Like a shoebox that opens into Narnia…

Reading time: About 1 minute

I like to share interesting pieces of figurative language I encounter in my reading. I write today about a simile from Emily Nussbaum…

Here’s one of the reasons I read The New Yorker each week. It allows me to learn about things I would never in a million years otherwise know. For example: online Indie TV. Who knew that was a thing? My 20-year-old kids probably do, but the blighters had never mentioned it to me! It took New Yorker writer Emily Nussbaum to break the news.

She did so in a spritely June 9/14 column headlined “Taster’s Choice,” in which she reviewed an online indie show called “High Maintenance.” I didn’t have time to watch more than a couple of minutes but it seemed funny, well-written and well-acted (alert: it’s about weed dealer and the few minutes I saw were funny but a bit raunchy. Watch it at no-charge here but consider yourself warned!)

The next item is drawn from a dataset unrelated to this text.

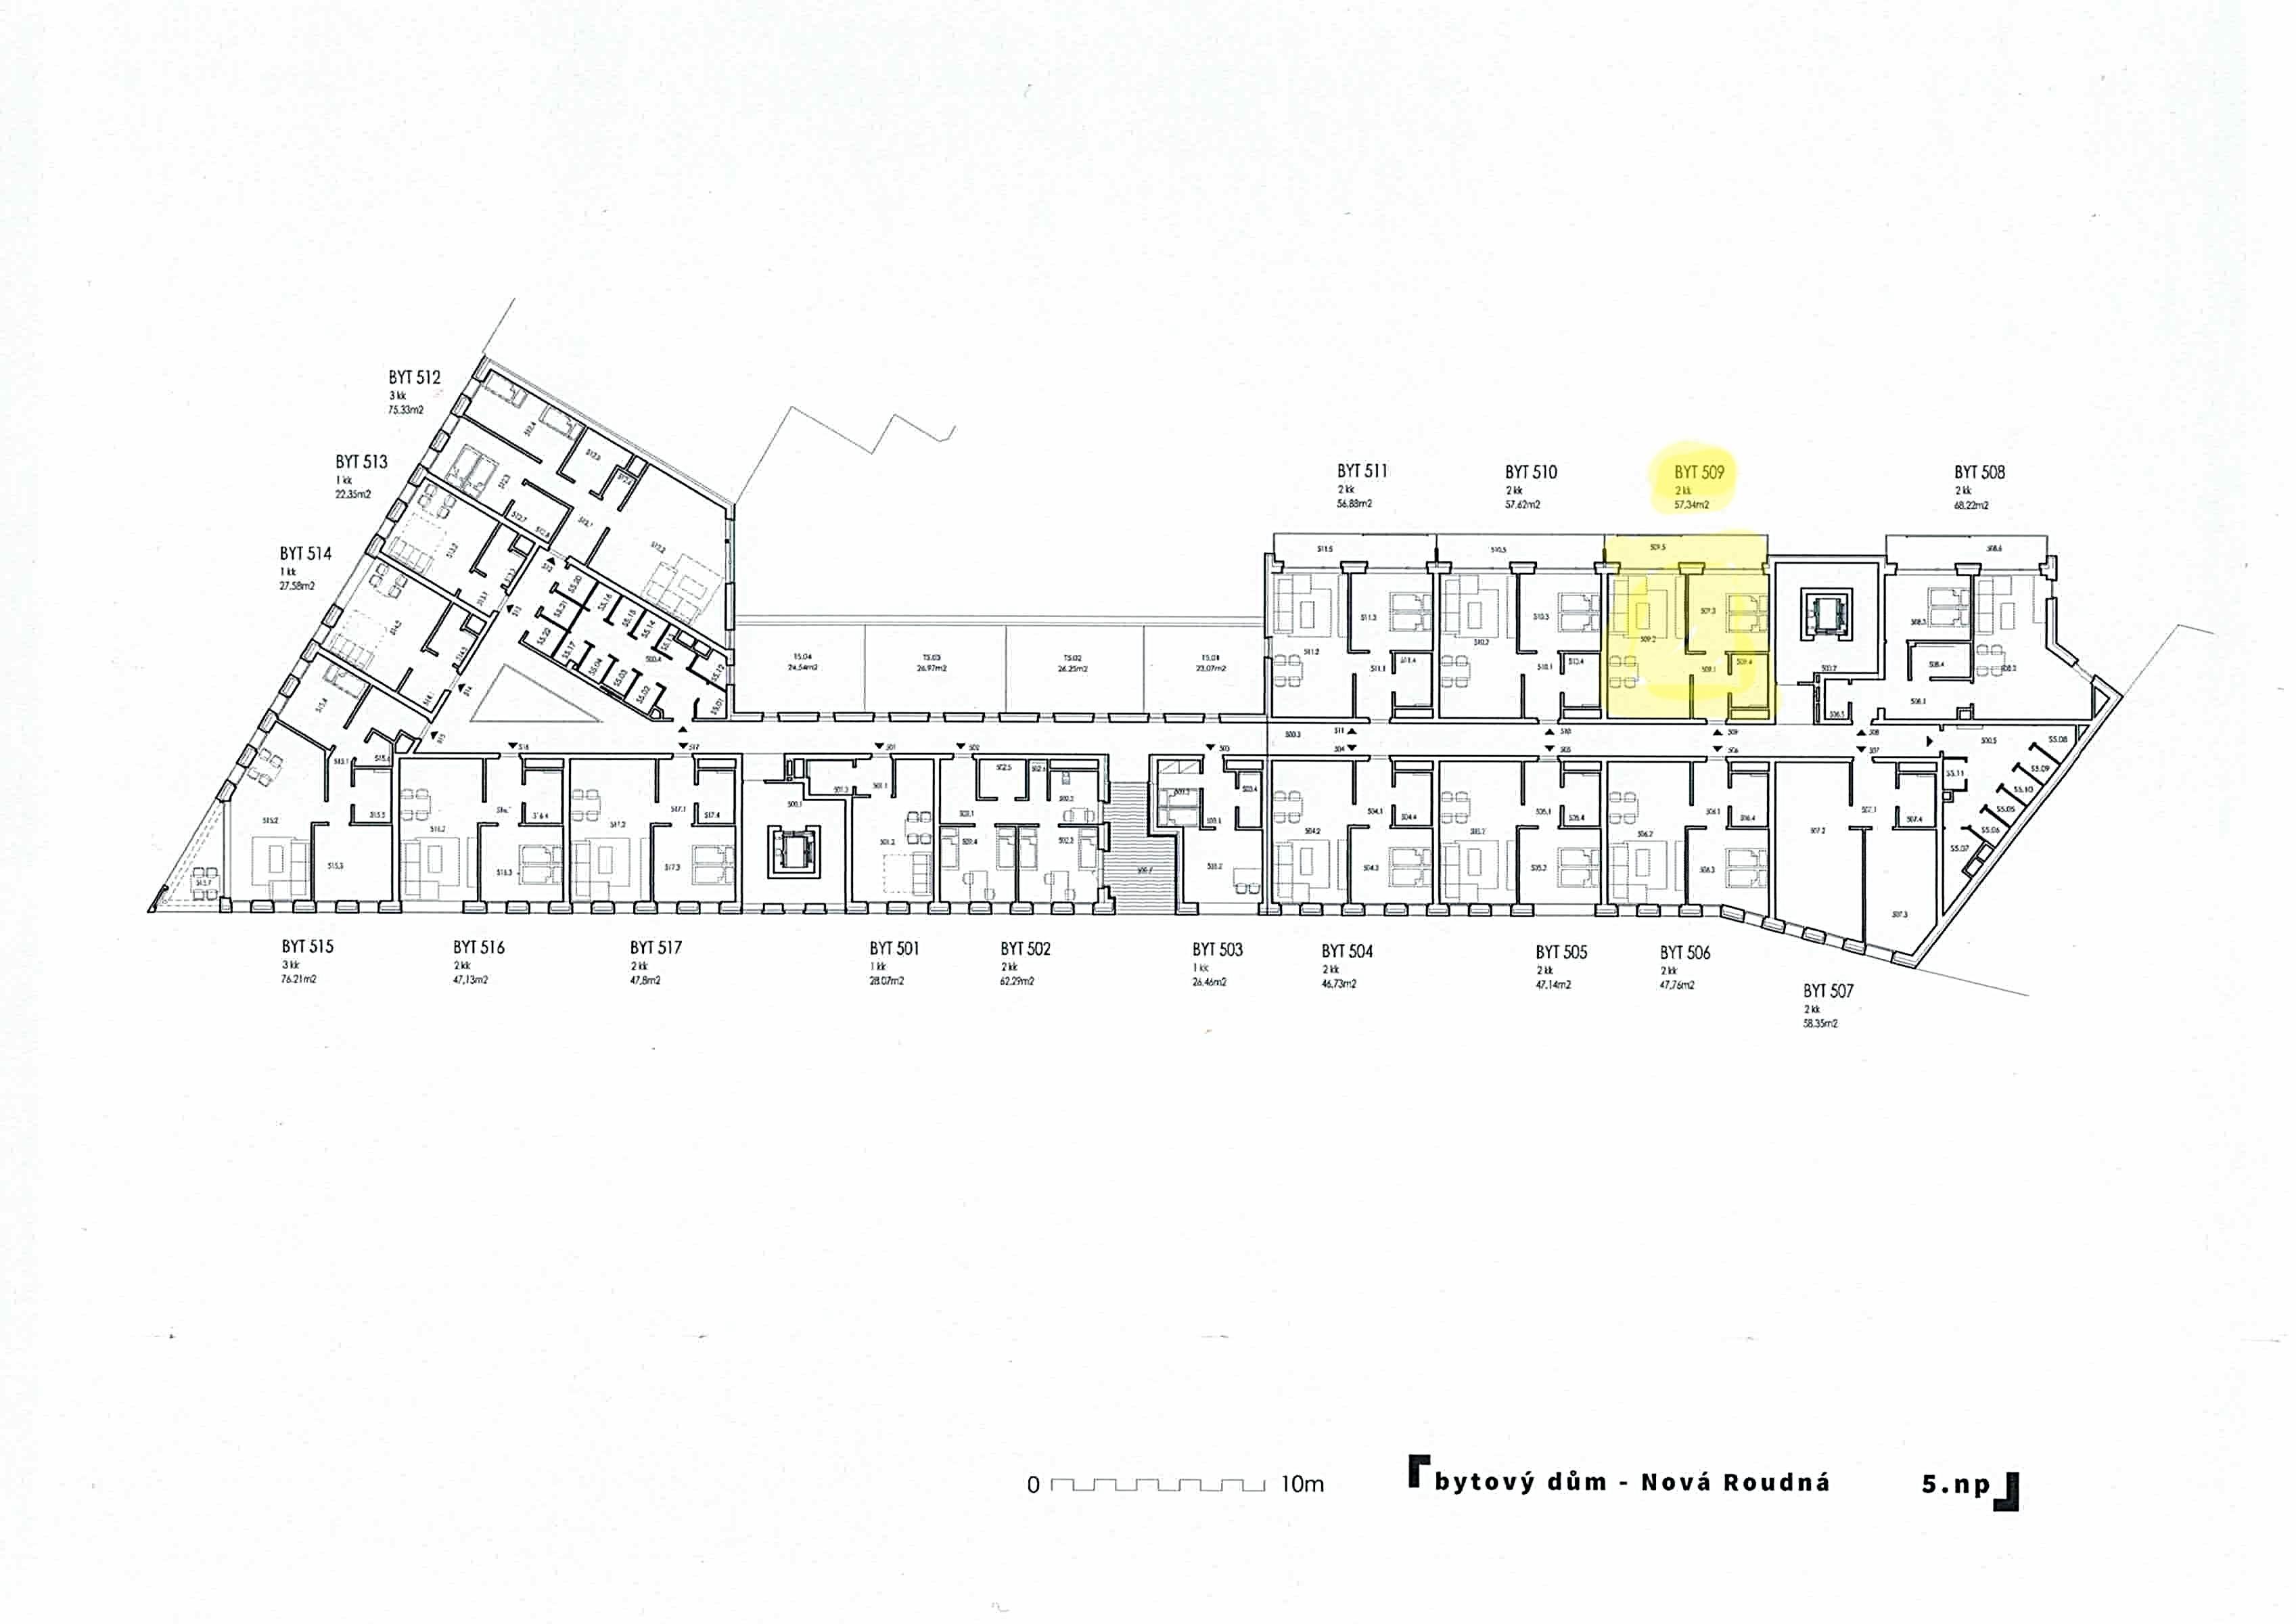 Pronájem bytu 2+KK v ulici Otýlie Beníškové Pzeň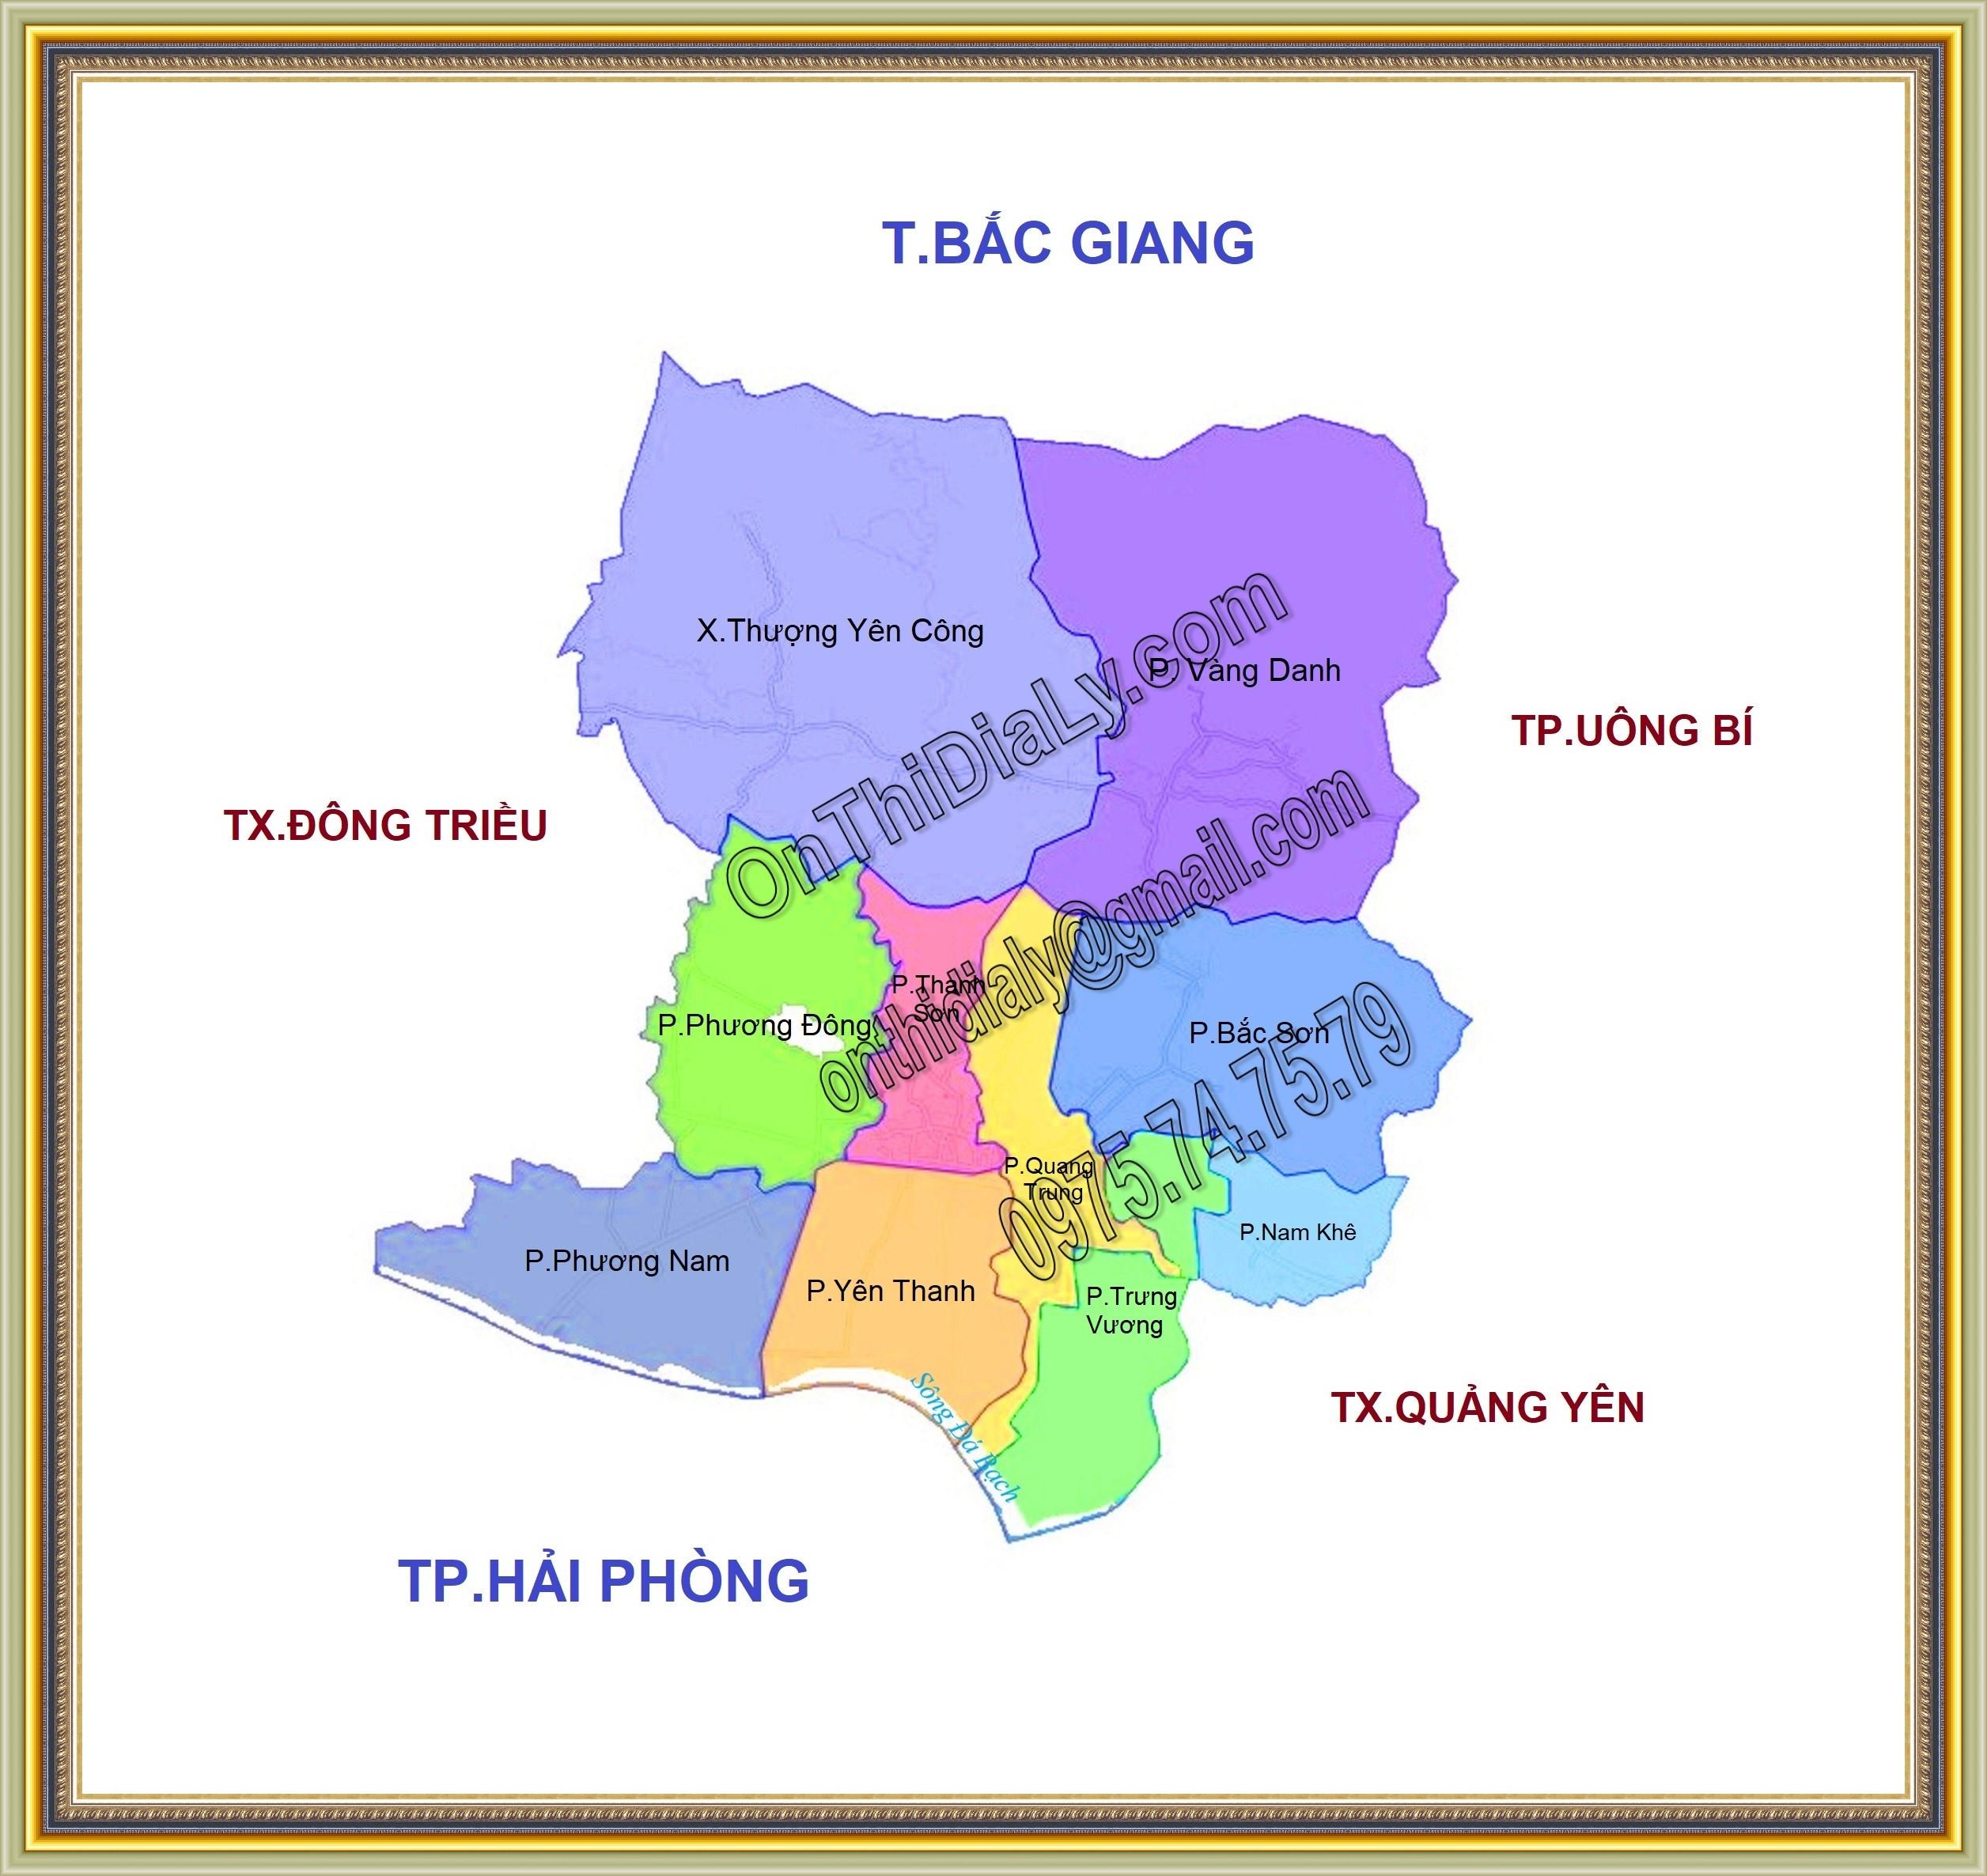 Bản đồ Thành phố Uông Bí, tỉnh Quảng Ninh

Here is the line in the Nussbaum review that makes me want to tip my hat to her:

Yet despite its D.I.Y. origins “High Maintenance” doesn’t feel like a self-indulgent pet project—instead, it’s more like a shoebox that opens into Narnia.

I hadn’t been lucky enough to read C.S. Lewis’s Chronicles of Narnia as a child; I discovered them as an adult. But my wonder was no less for that. And I totally get Nussbaum’s comparison. Something as banal and unexciting as a cupboard — or a shoebox — that opens into Narnia is something worth watching.